I'm kind of a new fisherman and my friend Dalton has only been real big into it for about a year.We heard that at Grove Lake people have been catching crappies like crazy so we figured we would give it a shot since they are some good eating. we found a little finger of water where it was about 20 yards wide and went about 150 yards into the forest. The water wasn't very clear and there were tree braches hanging right above the water so it looked like we would have some good luck. We casted right next to the tree branches and never got any luck. Then we tried the open water next to the cattails and moss and didn't get anything. We were using worms and little things that were about the size of a large minnow that were red and black. Is there something else we should use.


----------



## nodakoutdoors.com

I've caught almost every open water crappie of my life using:

1) Crappie minnows on slip bobbers (smallest minnows you can find work great)

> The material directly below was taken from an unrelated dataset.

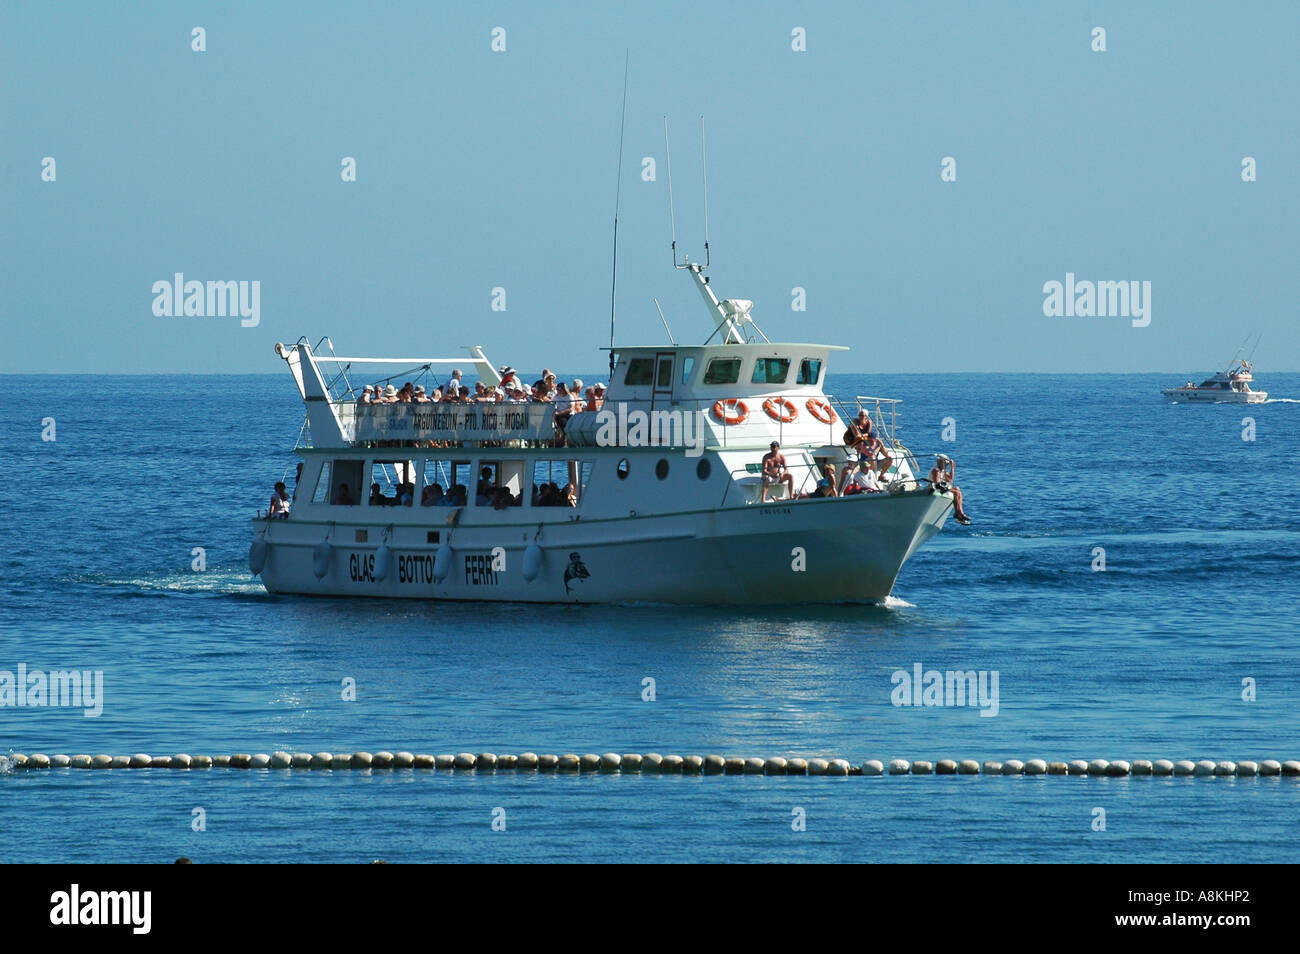 Touristen segeln mit der Fähre von Arguineguin nach Puerto Rico und Puerto  de Mogan auf Gran Canaria, einer der Kanarischen Inseln Spaniens  Stockfotografie - Alamy
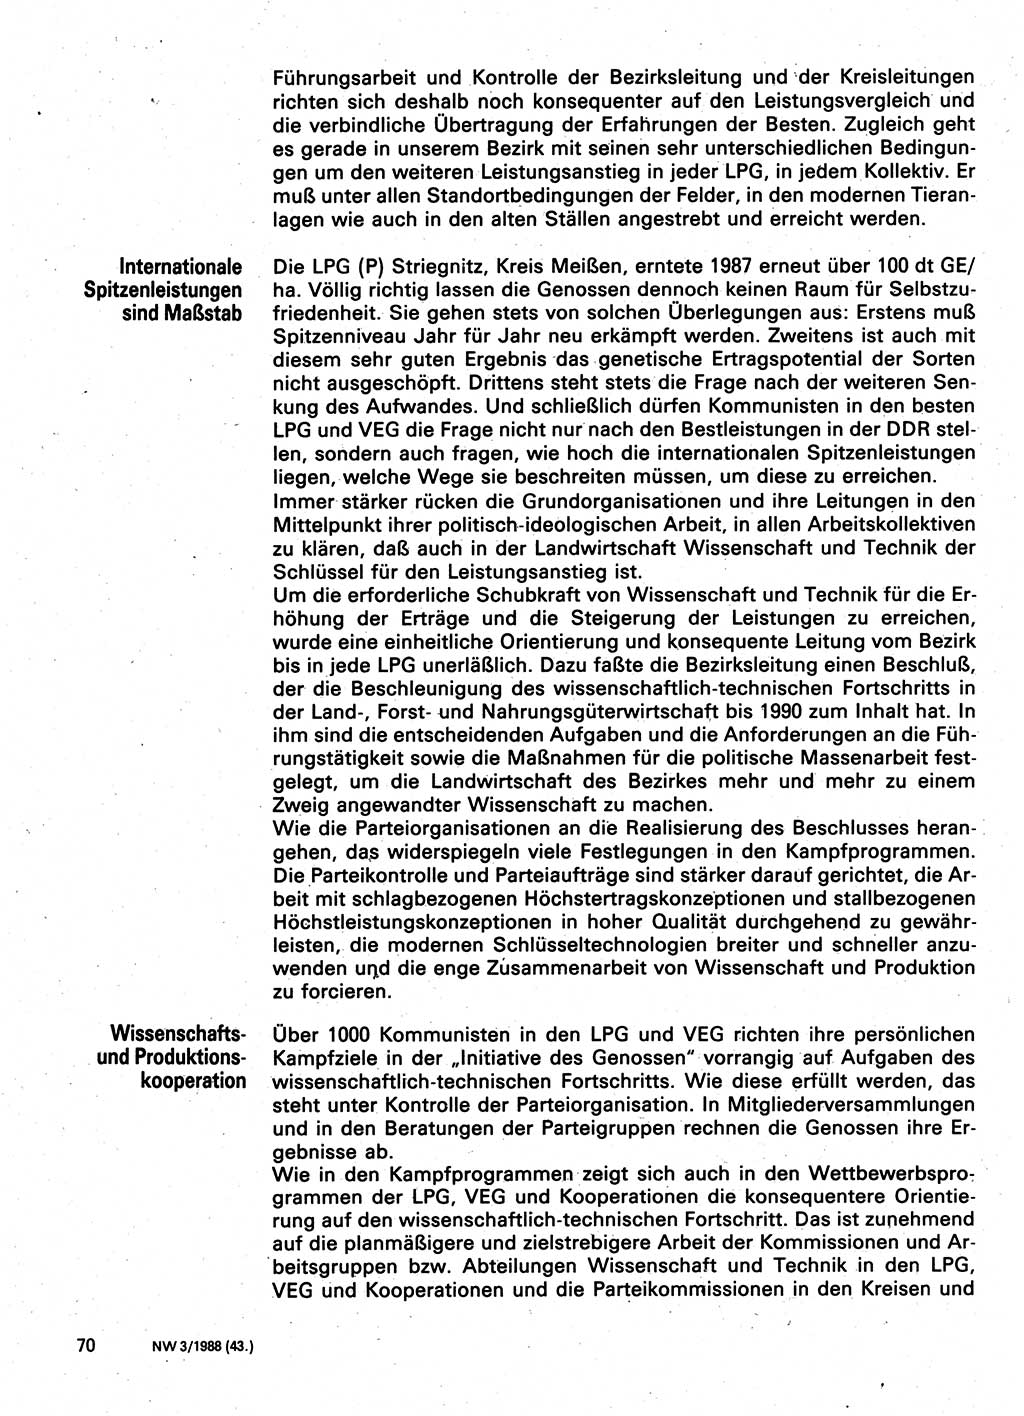 Neuer Weg (NW), Organ des Zentralkomitees (ZK) der SED (Sozialistische Einheitspartei Deutschlands) für Fragen des Parteilebens, 43. Jahrgang [Deutsche Demokratische Republik (DDR)] 1988, Seite 70 (NW ZK SED DDR 1988, S. 70)

2) Beetle spins (yellow is my favorite - no bait needed)


----------



## AlpineArcher24

1" tube jigs, beetle spins, small jigs with minnows


----------



## whitehorse

Chris Hustad said:


> I've caught almost every open water crappie of my life using:
> 
> 1) Crappie minnows on slip bobbers (smallest minnows you can find work great)
> 
> 2) Beetle spins (yellow is my favorite - no bait needed)


I would agree with number one, and the smaller minnows, but I would also add rooster tails. The darker colored ones... my ol man won't ever buy/use one, even though it out fishes him almost every time... my go-to lure... get the smaller ones on as well.. I can't wait till summer


----------